By the time I buy a few mats to sleep on, pillows, blankets, towel, tea kettle, mirror, etc, the cost will be $500 USD to restore one room with the volunteer help of my friends.  This cost does not include the cost of tools and of running electric wires from the street to the house, buying water tanks, a water heater, running a hose from a well, a water pump, space heaters, air conditioner, internet router and satellite dish, or kitchen appliances, dishes, and pans. 

The cost of restoring one house with 5 rooms to a livable condition can easily be $10,000 to $20,000 US dollars.  Ezidis do not have this money to make a house livable if they return to Shingal.  The vast majority of Ezidis remain stuck in IDP camps and unfinished buildings in Kurdistan, hoping for asylum, five years after being attacked and displaced by Daesh.

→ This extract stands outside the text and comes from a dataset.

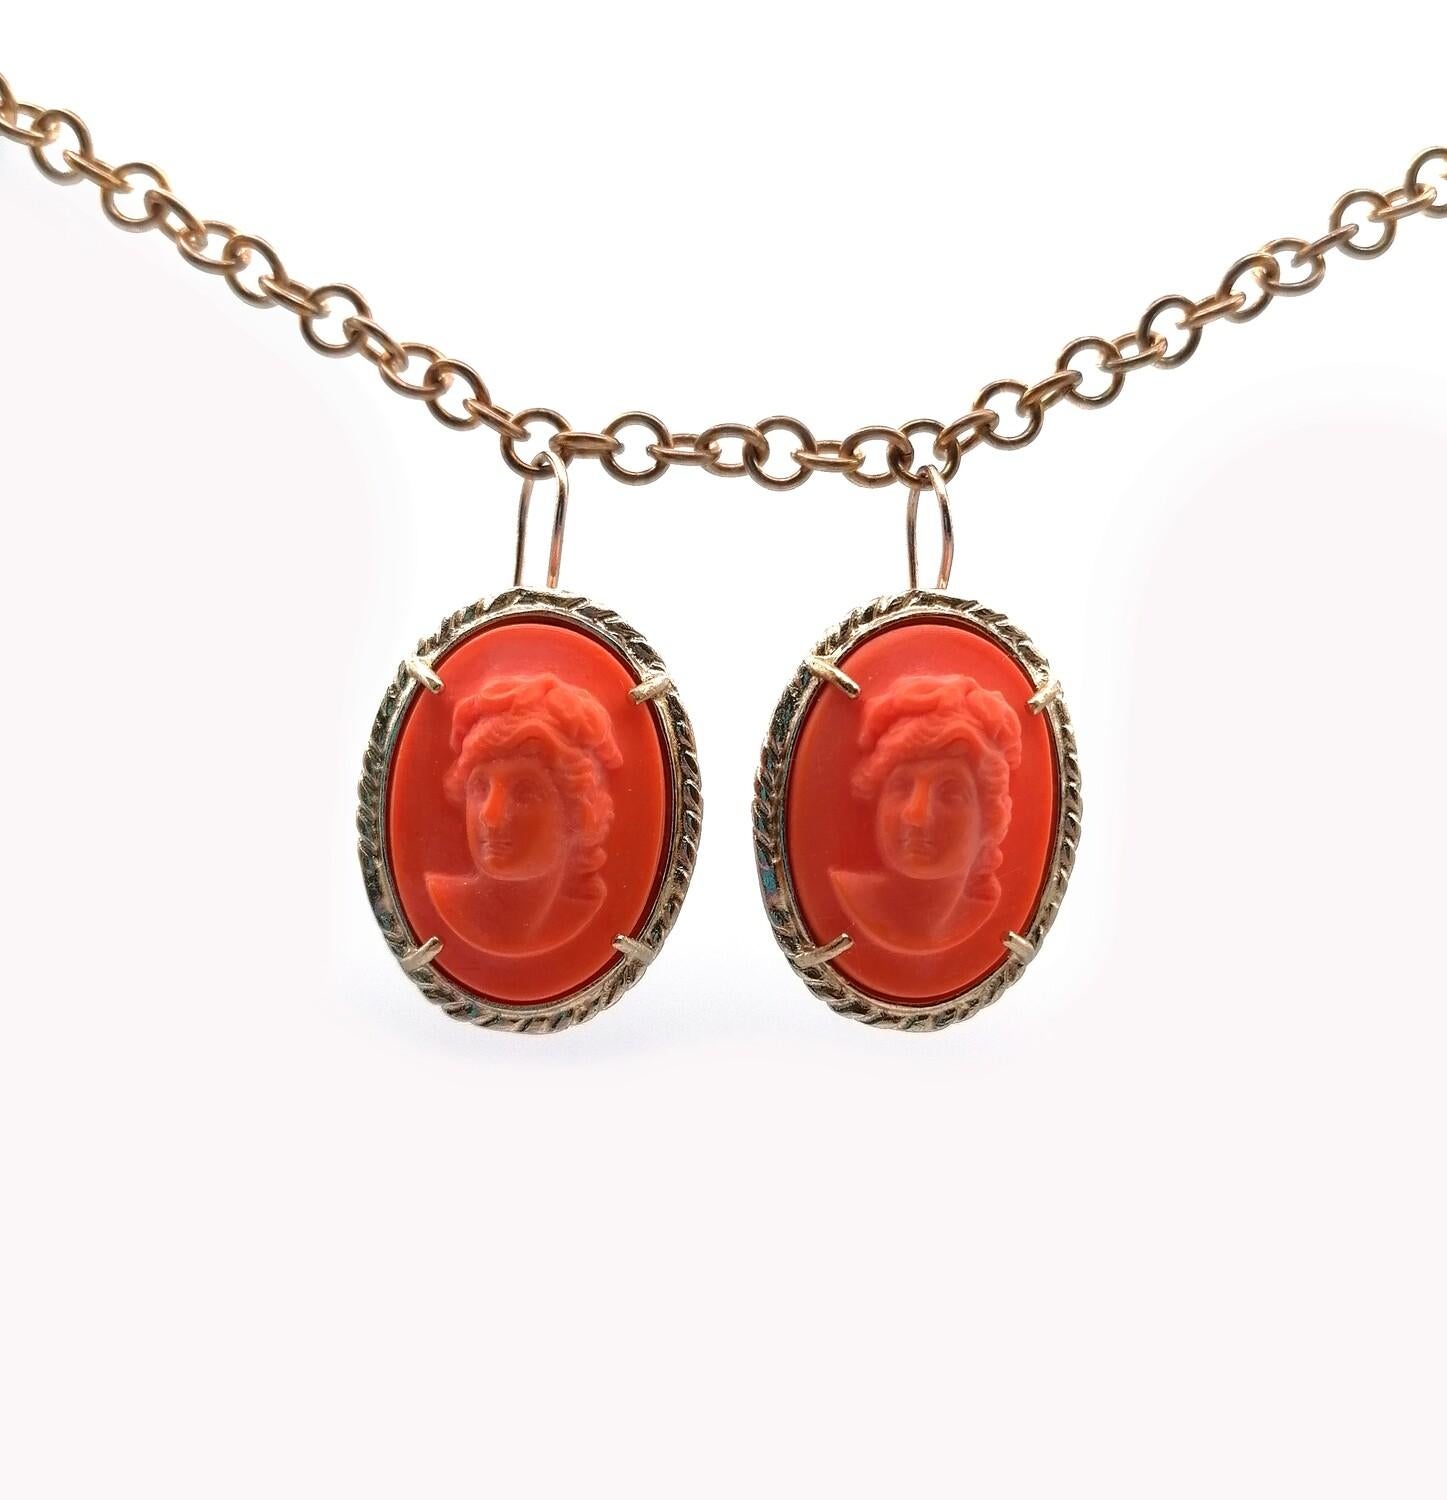 Red Coral Earrings in Pure Bronze and Glass Paste by Patrizia Daliana In New Condition For Sale In Firenze, FI

Room Size:  16' x 11' = 176 square feet or nearly 20 square meters

Cost of materials:   $240 USD

Cost of 4 days of paid labor:  $140 USD

Approximately 15 days unpaid labor

 

Dr. Amy L. Beam has been reporting on and assisting displaced Ezidis since ISIS attacked them in Shingal, in August 2014.  She is the author of "The Last Yezidi Genocide."  She lives in Sinjar (Shingal) city, Iraq, with Ezidis, most of whom are living in houses that do not belong to them.